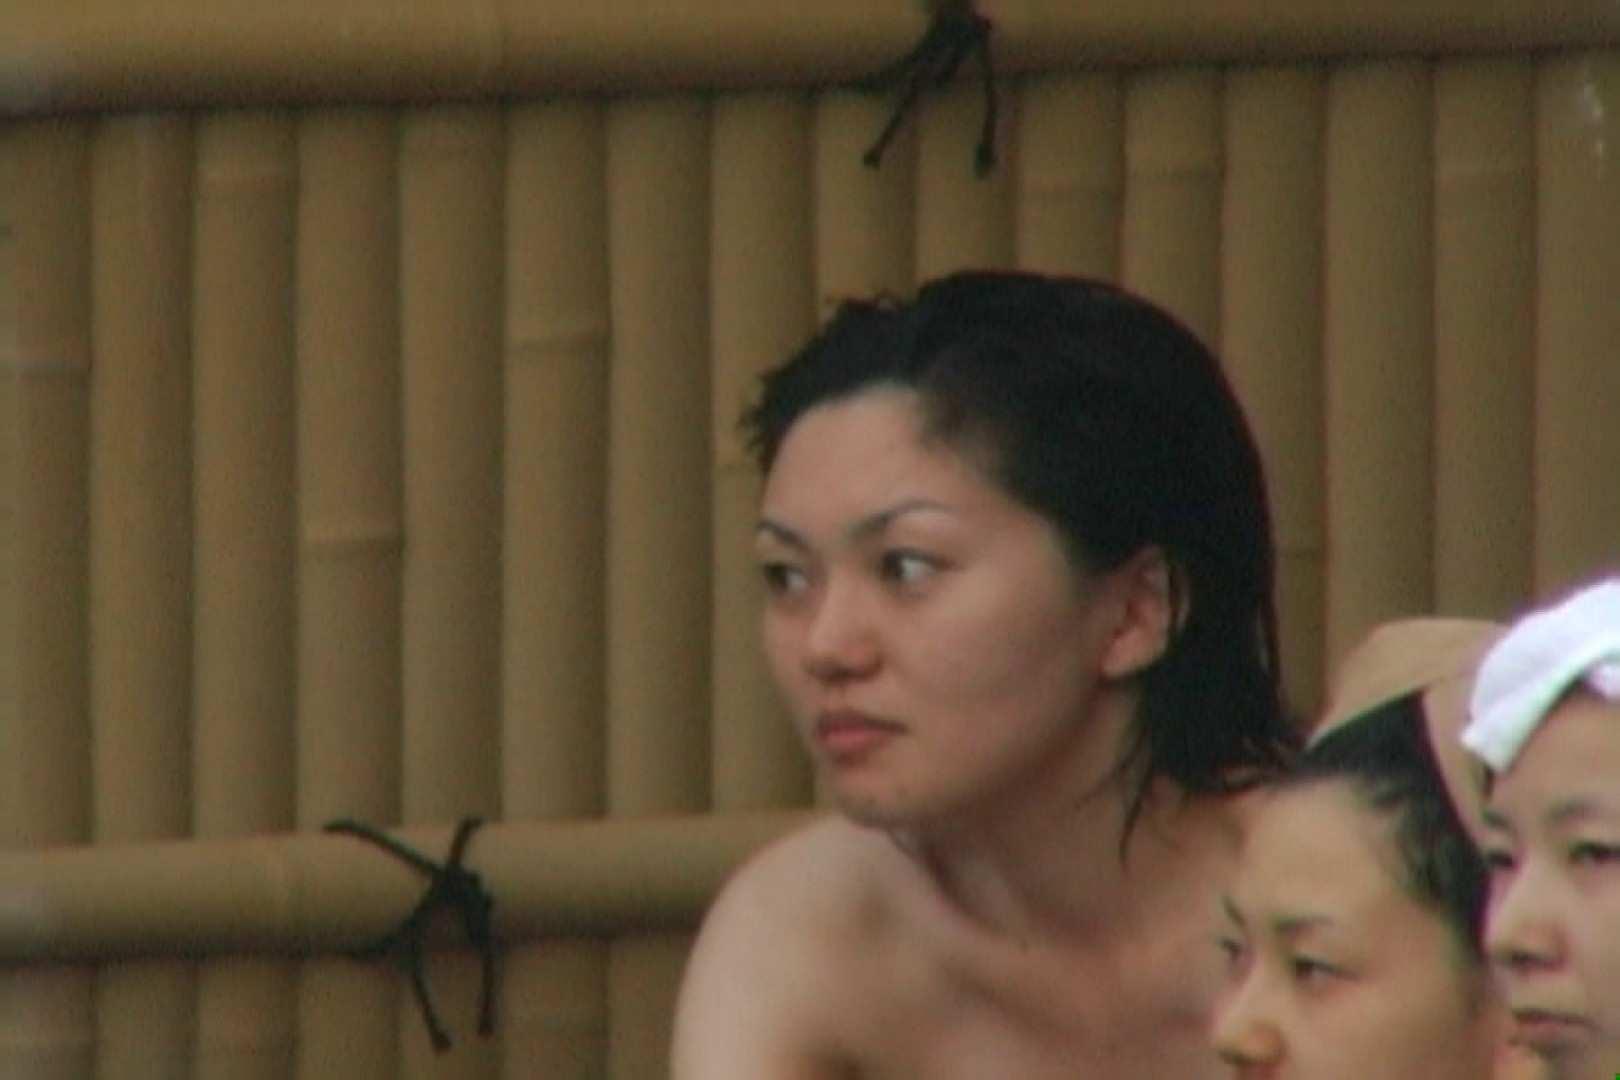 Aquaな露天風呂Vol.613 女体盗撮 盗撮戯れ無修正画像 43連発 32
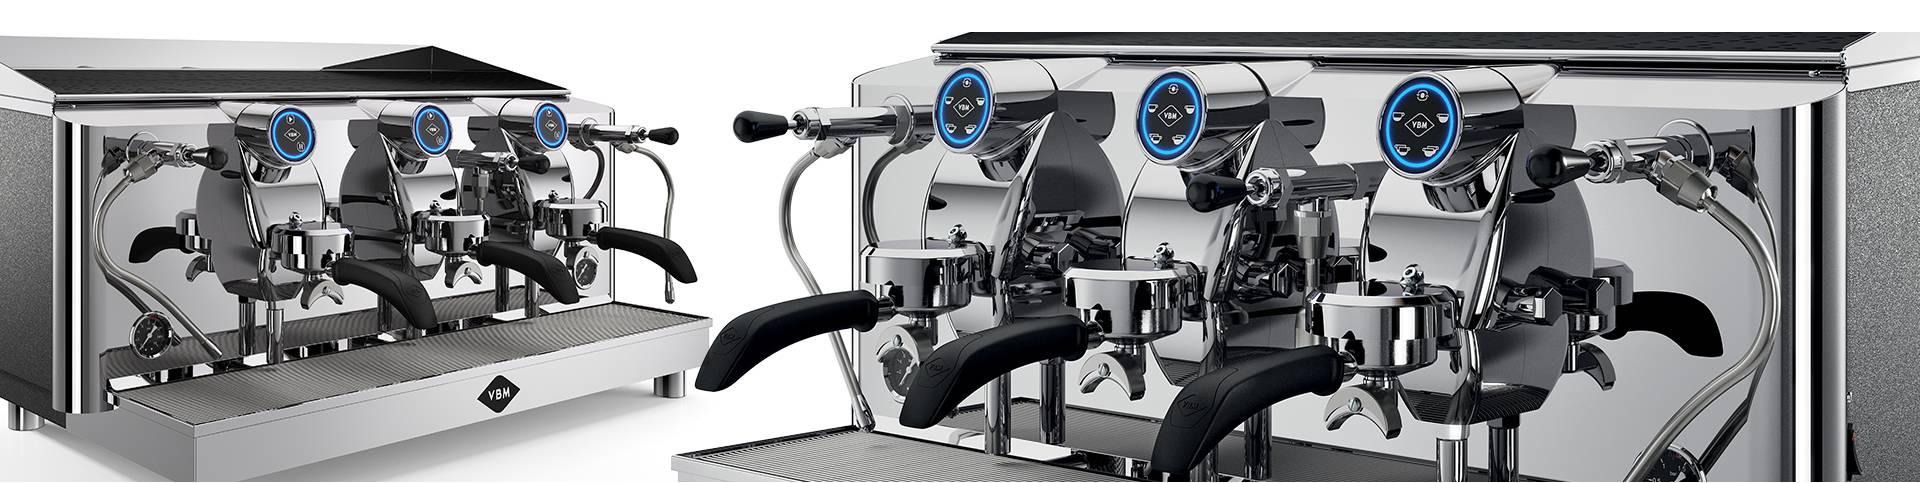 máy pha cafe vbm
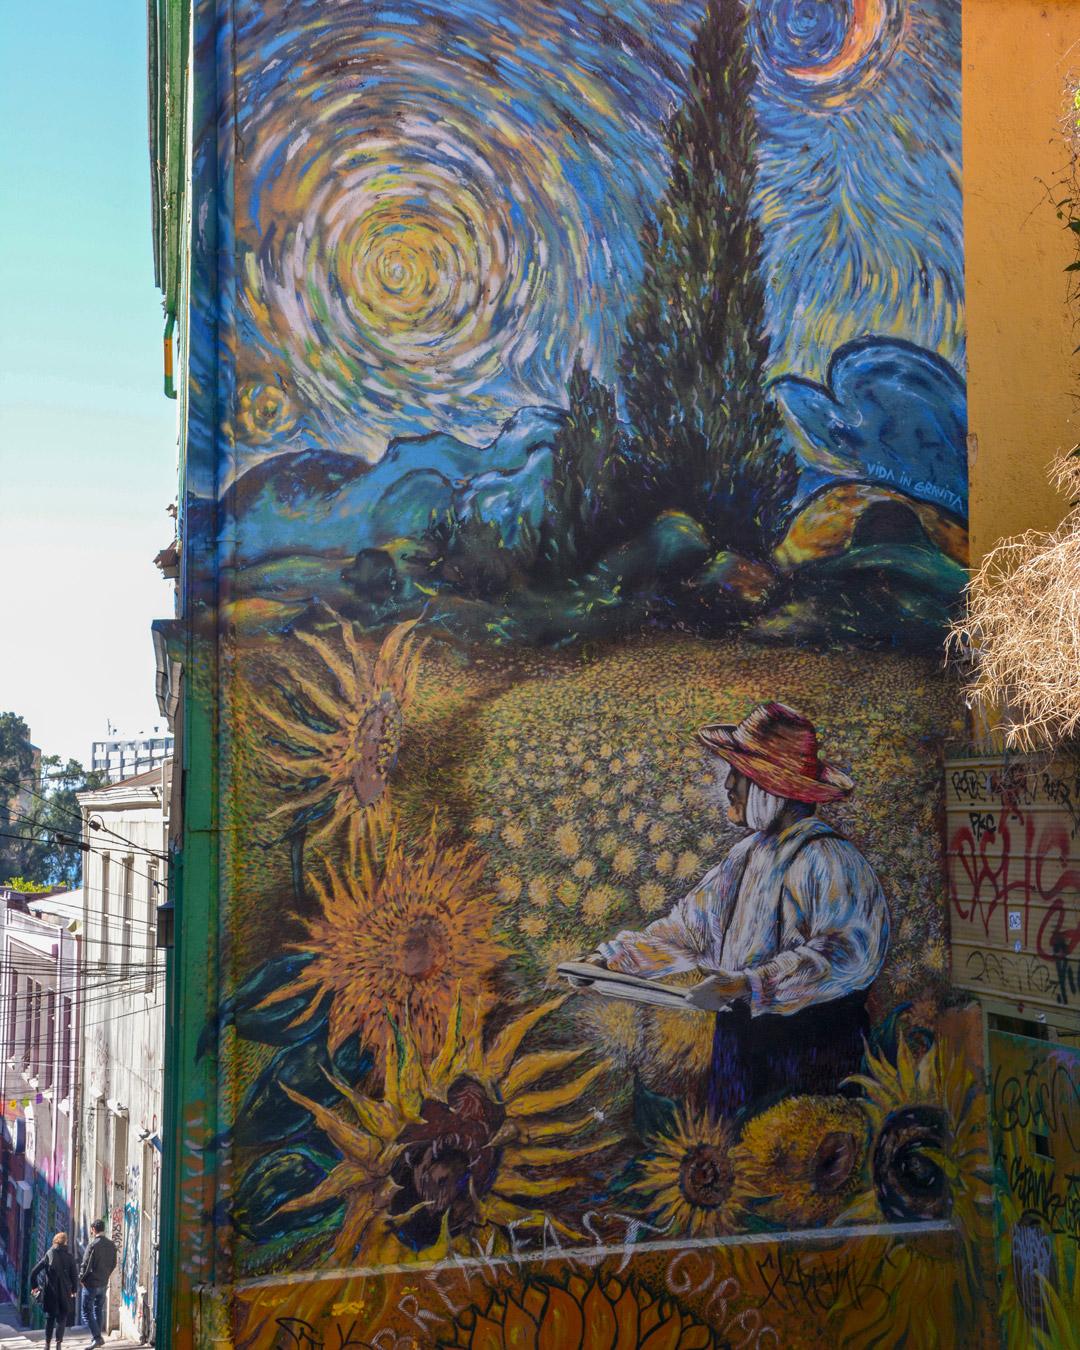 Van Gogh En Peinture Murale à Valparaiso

—————

Without the pictures, write out the entire listing exactly.

■ Exercise response
 Aquaな露天風呂Vol.613 女体盗撮 盗撮戯れ無修正画像 43連発 32
 máy pha cafe vbm
 Van Gogh En Peinture Murale à Valparaiso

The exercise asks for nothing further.